The United States ambassador to the United Kingdom (known formally as the ambassador of the United States to the Court of St James's) is the official representative of the president of the United States and the American government to the monarch and government of the United Kingdom. The position is held by Jane D. Hartley, who presented her credentials to Queen Elizabeth II on July 19, 2022.

The position is regarded as one of the most prestigious posts in the United States Foreign Service due to the "Special Relationship" between the United States and United Kingdom. The ambassadorship has been held by various notable politicians, including five who would later become presidents: John Adams, James Monroe, John Quincy Adams, Martin Van Buren and James Buchanan. However, the modern tendency of American presidents (of both parties) is to appoint keen political fundraisers from previous presidential campaigns, despite the importance and prestige of the office.

The ambassador and executive staff work at the American Embassy in Nine Elms, London. The official residence of the ambassador is Winfield House in Regent's Park.

Duties 
The ambassador's main duty is to present US policies to the government of the United Kingdom and its people, as well as report British policies and views to the federal government of the United States. The ambassador serves as a primary channel of communication between the two nations and plays an important role in treaty negotiations.

The ambassador is the head of the United States' consular service in the United Kingdom. As well as directing diplomatic activity in support of trade, the ambassador is ultimately responsible for visa services and for the provision of consular support to American citizens in the UK and oversees cultural relations between the two countries.

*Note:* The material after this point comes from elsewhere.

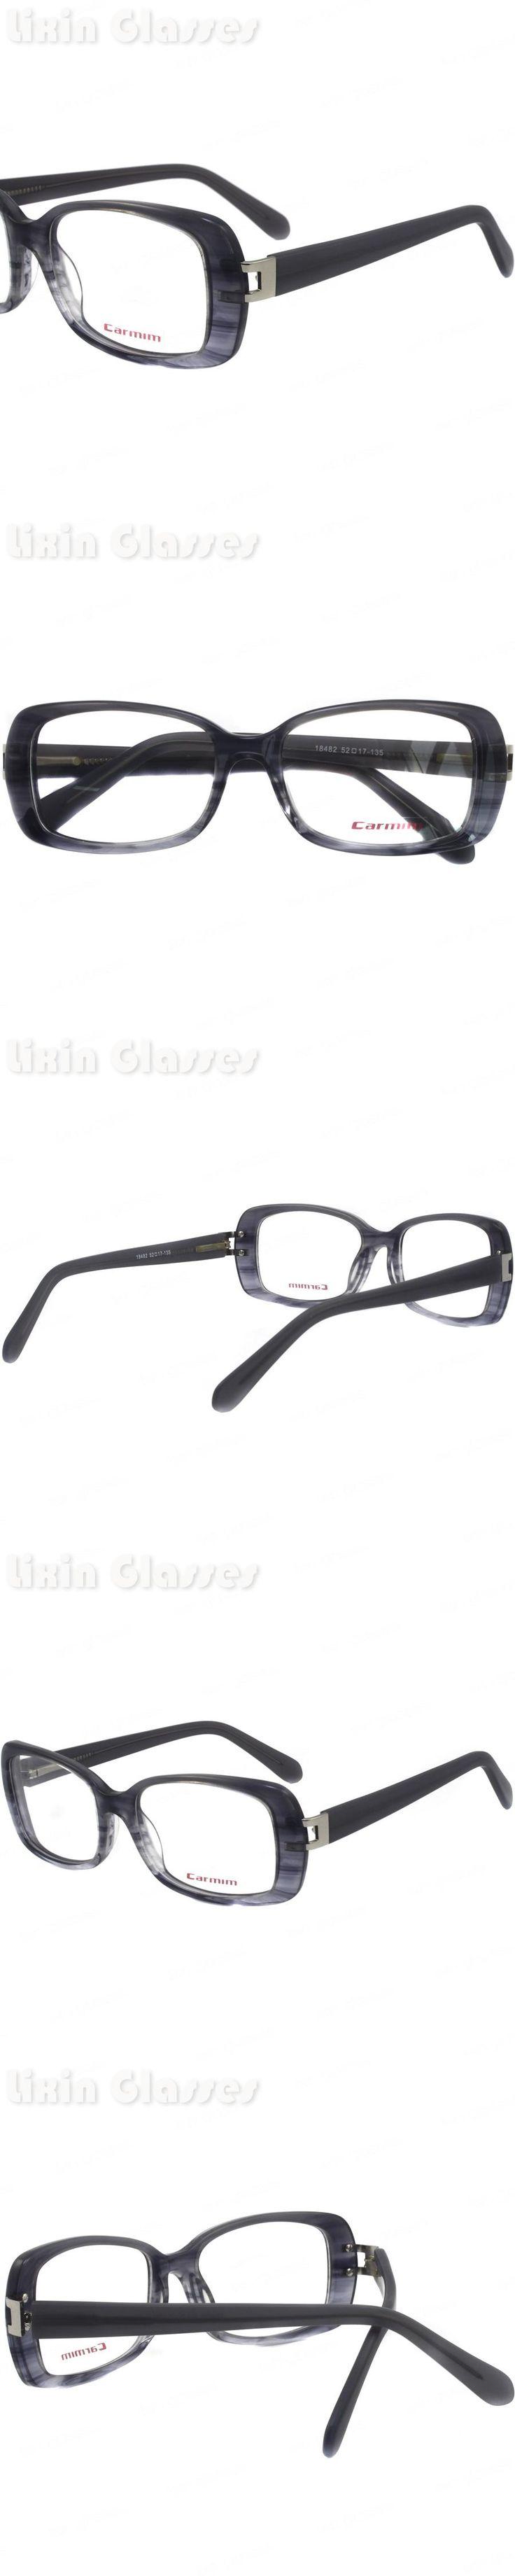 New High Quality Men Acetate Spring Hinge Demi Light Blue clean lens Glasses Frame/Eyeglasses/Optical Frame/Eyewear 18482

List of US chiefs of mission to the Court of St James's

Ministers (1785–1811) 

 Independent 

 Democratic-Republican 

 Democrat 

 Whig

 Republican

John Adams is referred to as the first "ambassador".  He is also referred to as the first "minister plenipotentiary".  Plenipotentiary means "having full power"; a minister that has power to act for their country in all matters.

Ministers (1815–1893) 

Diplomatic relations with Great Britain were restored after the War of 1812. The Congress of Vienna (1815) established a uniform system of diplomatic rank.  Under that system, the highest rank of "ambassador" was a personal representative of a sovereign, and the next rank of "minister", represented a government.  As a republic, the United States maintained diplomatic relations with Great Britain at the rank of Envoy Extraordinary and Minister Plenipotentiary. The rank was colloquially known as Minister, and the position continued to be referred to as "United States Minister to Great Britain".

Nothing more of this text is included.